• [Exercise requirements] A picture-free, exact copy of all the records below is the goal.

[Stored entries]
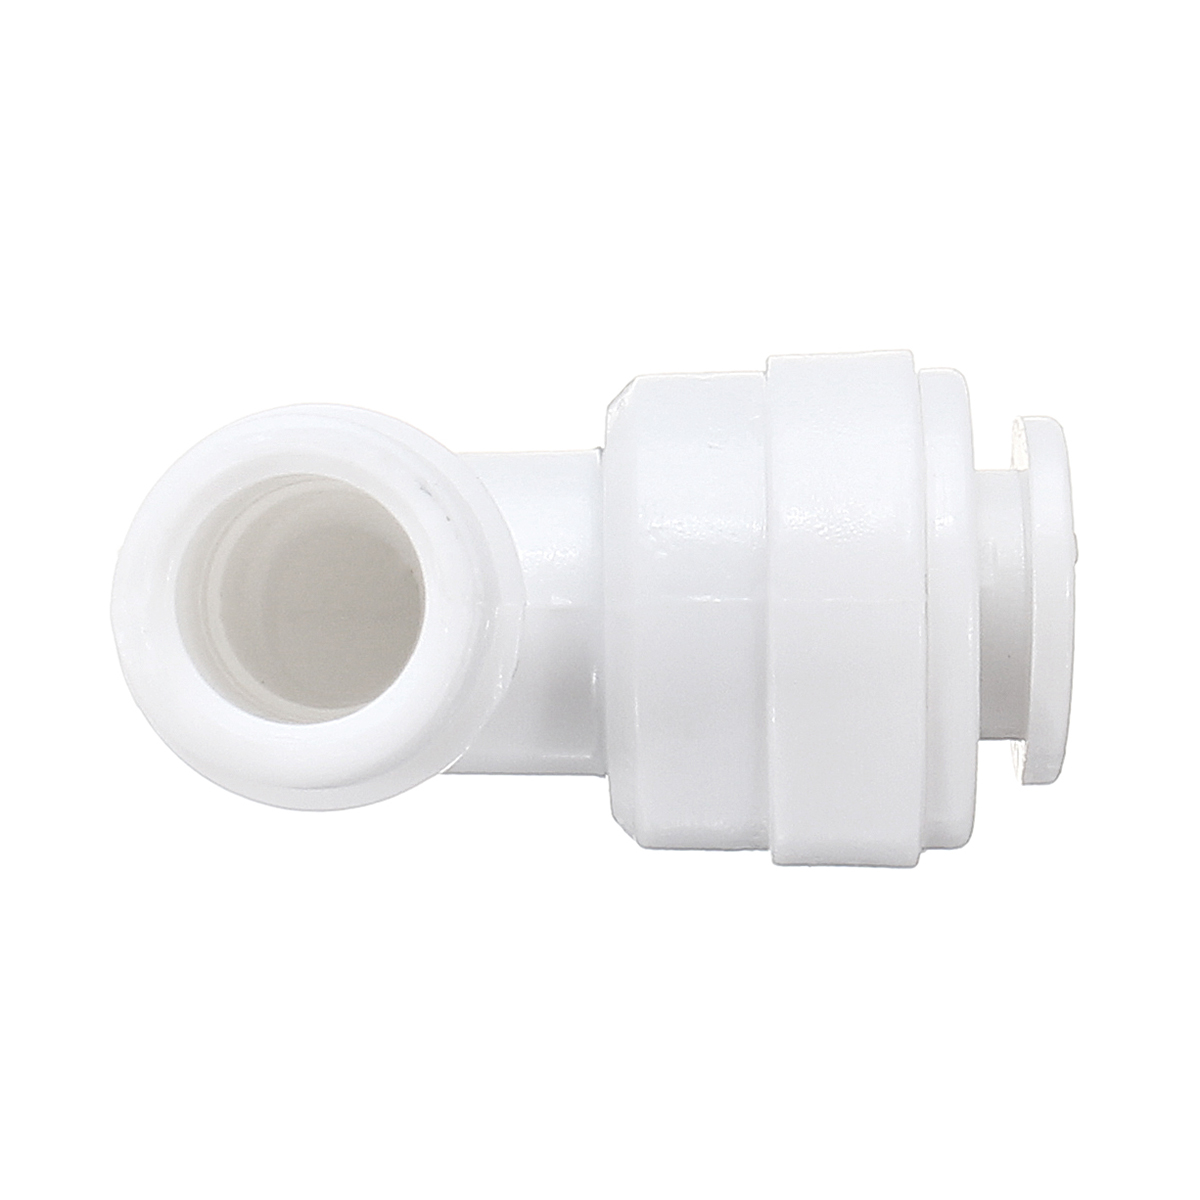 14-18-Inch-RO-Grade-Water-Tube-Fitting-Quick-Push-In-to-Connection-Pipes-Fittings-for-Water-Filter-1378008
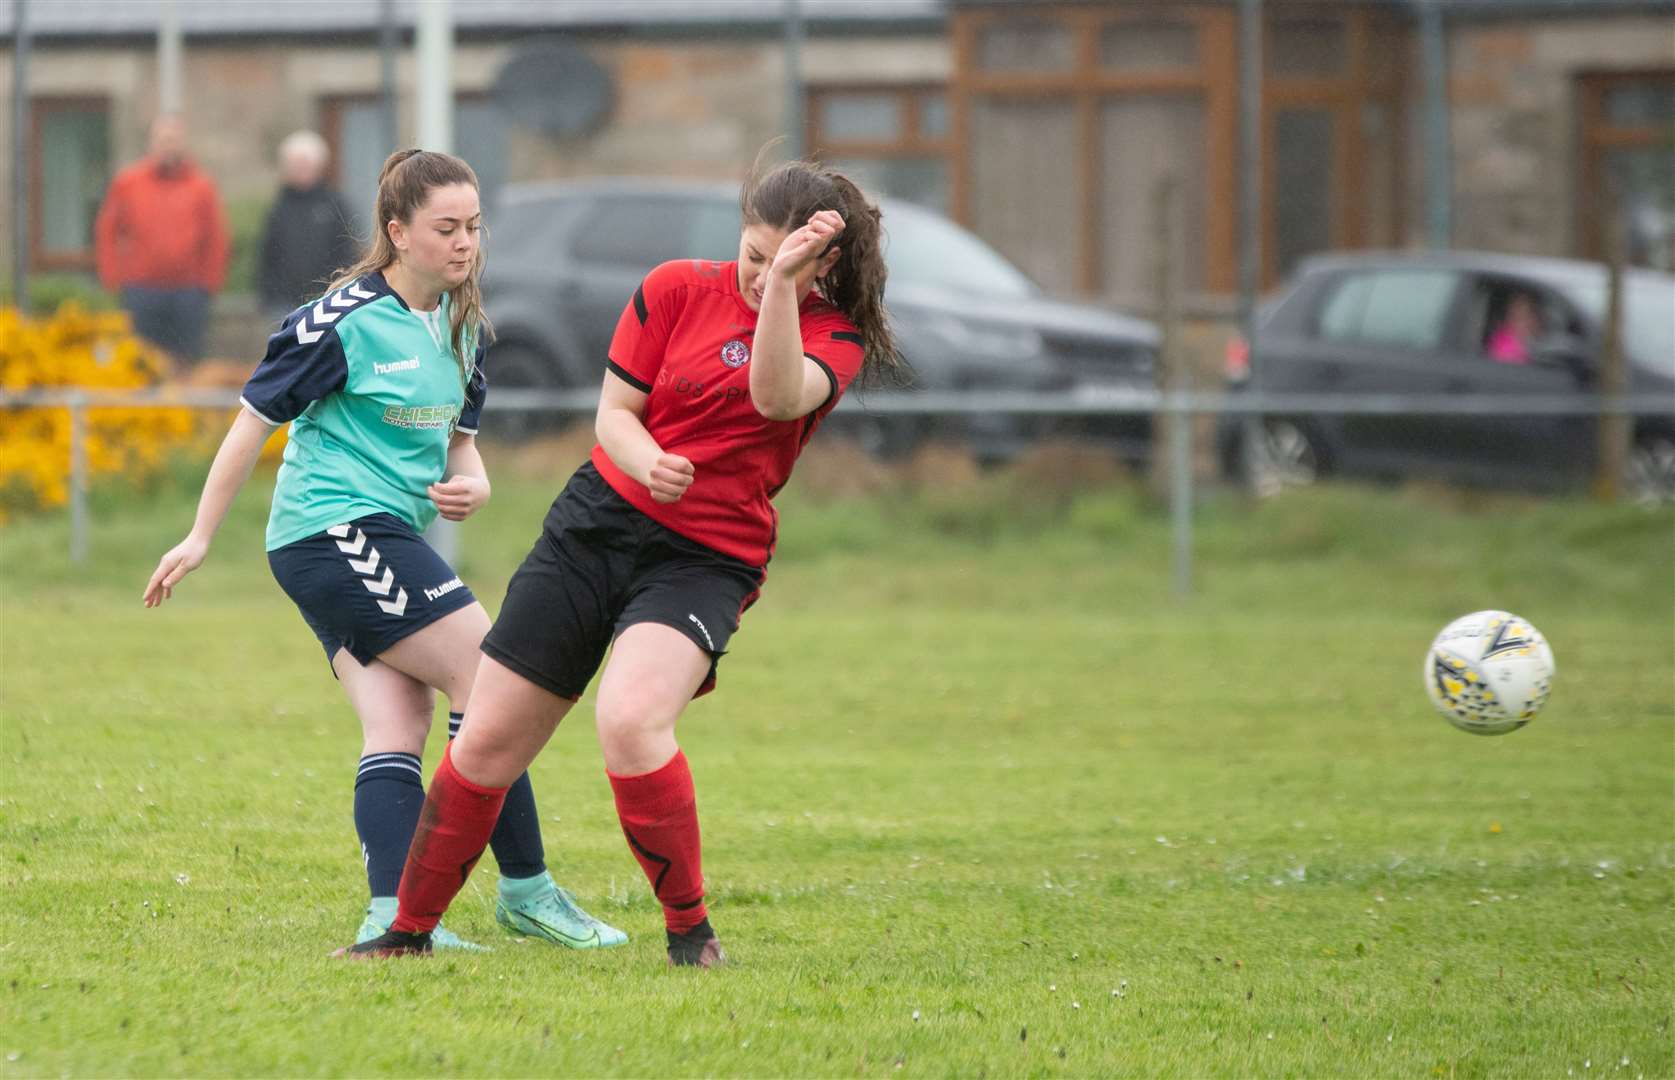 Lori Lappin was on target again for Buckie. Picture: Daniel Forsyth
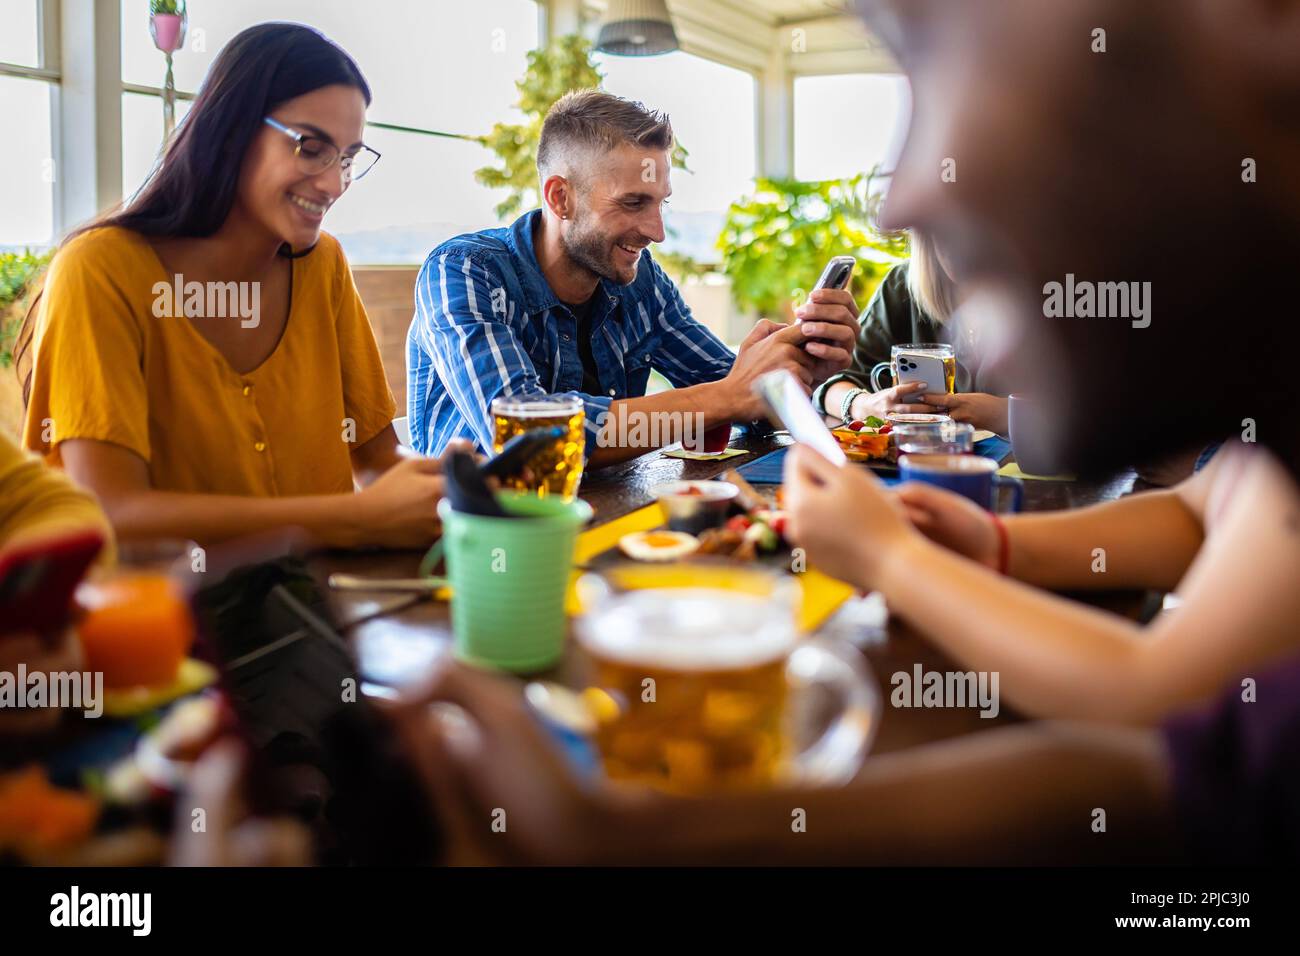 Addicted young people using mobile phone devices sitting at restaurant table Stock Photo
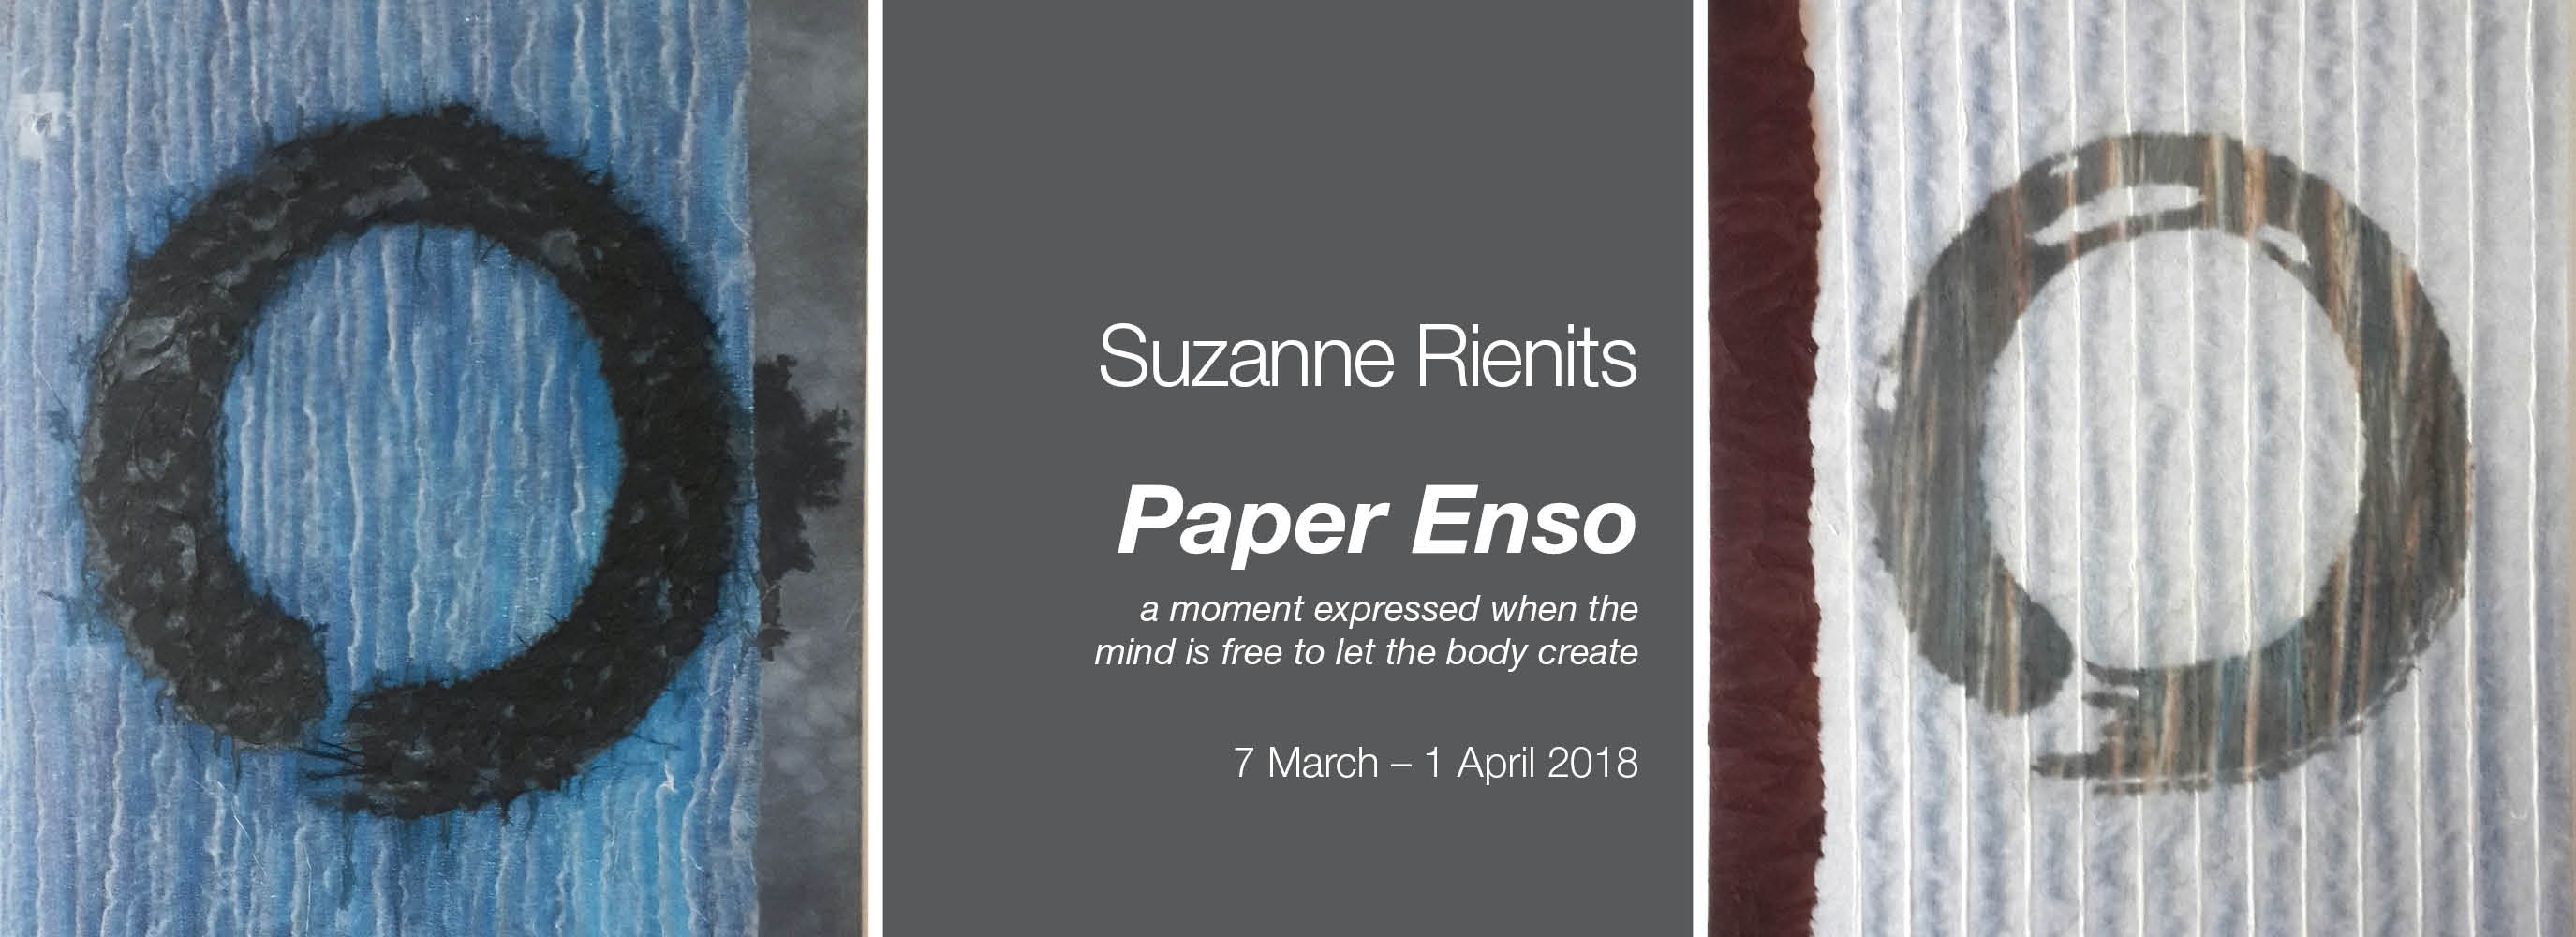 SuzanneRienits PaperEnso 1320x480 v3
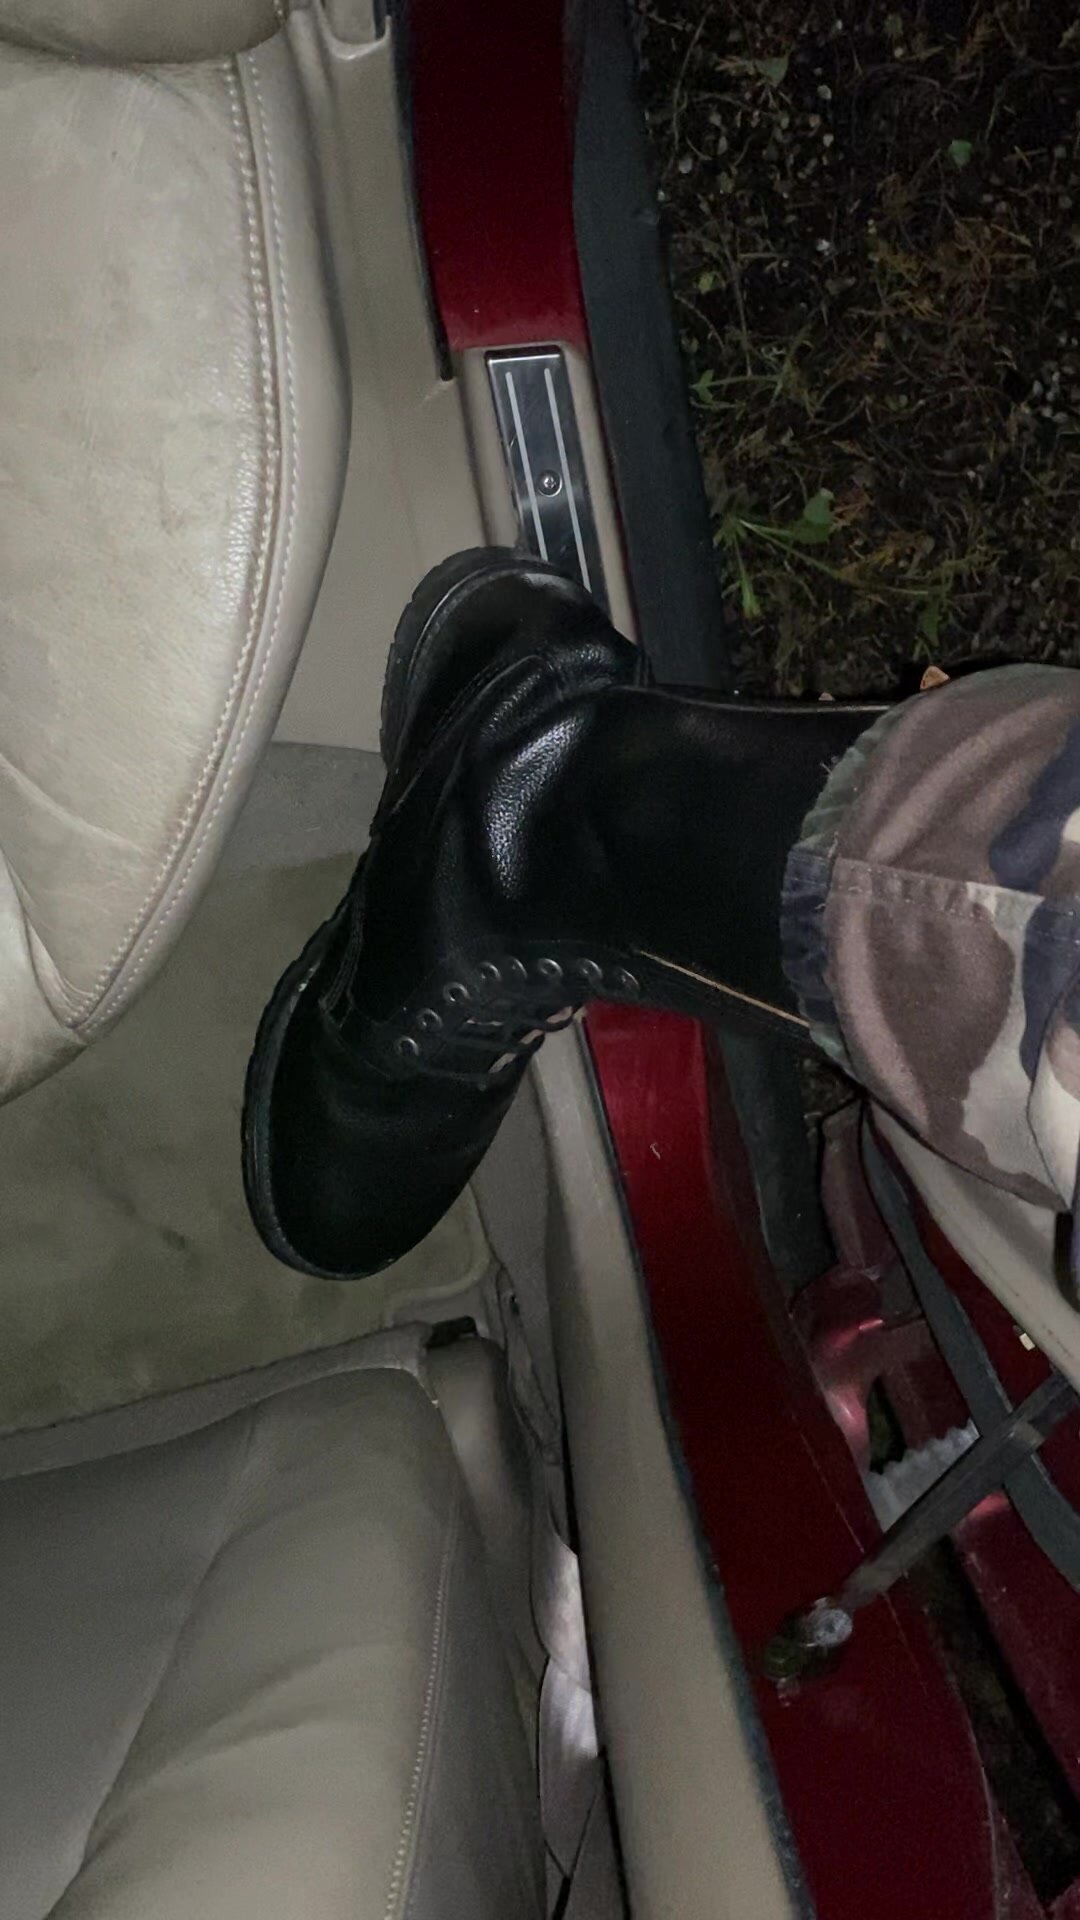 ARMY BOOTS FRENCH TRAMP A CAR

• [Exercise result]
 14-18-Inch-RO-Grade-Water-Tube-Fitting-Quick-Push-In-to-Connection-Pipes-Fittings-for-Water-Filter-1378008
 Lori Lappin was on target again for Buckie. Picture: Daniel Forsyth
 Addicted young people using mobile phone devices sitting at restaurant table Stock Photo
 SuzanneRienits PaperEnso 1320x480 v3
 ARMY BOOTS FRENCH TRAMP A CAR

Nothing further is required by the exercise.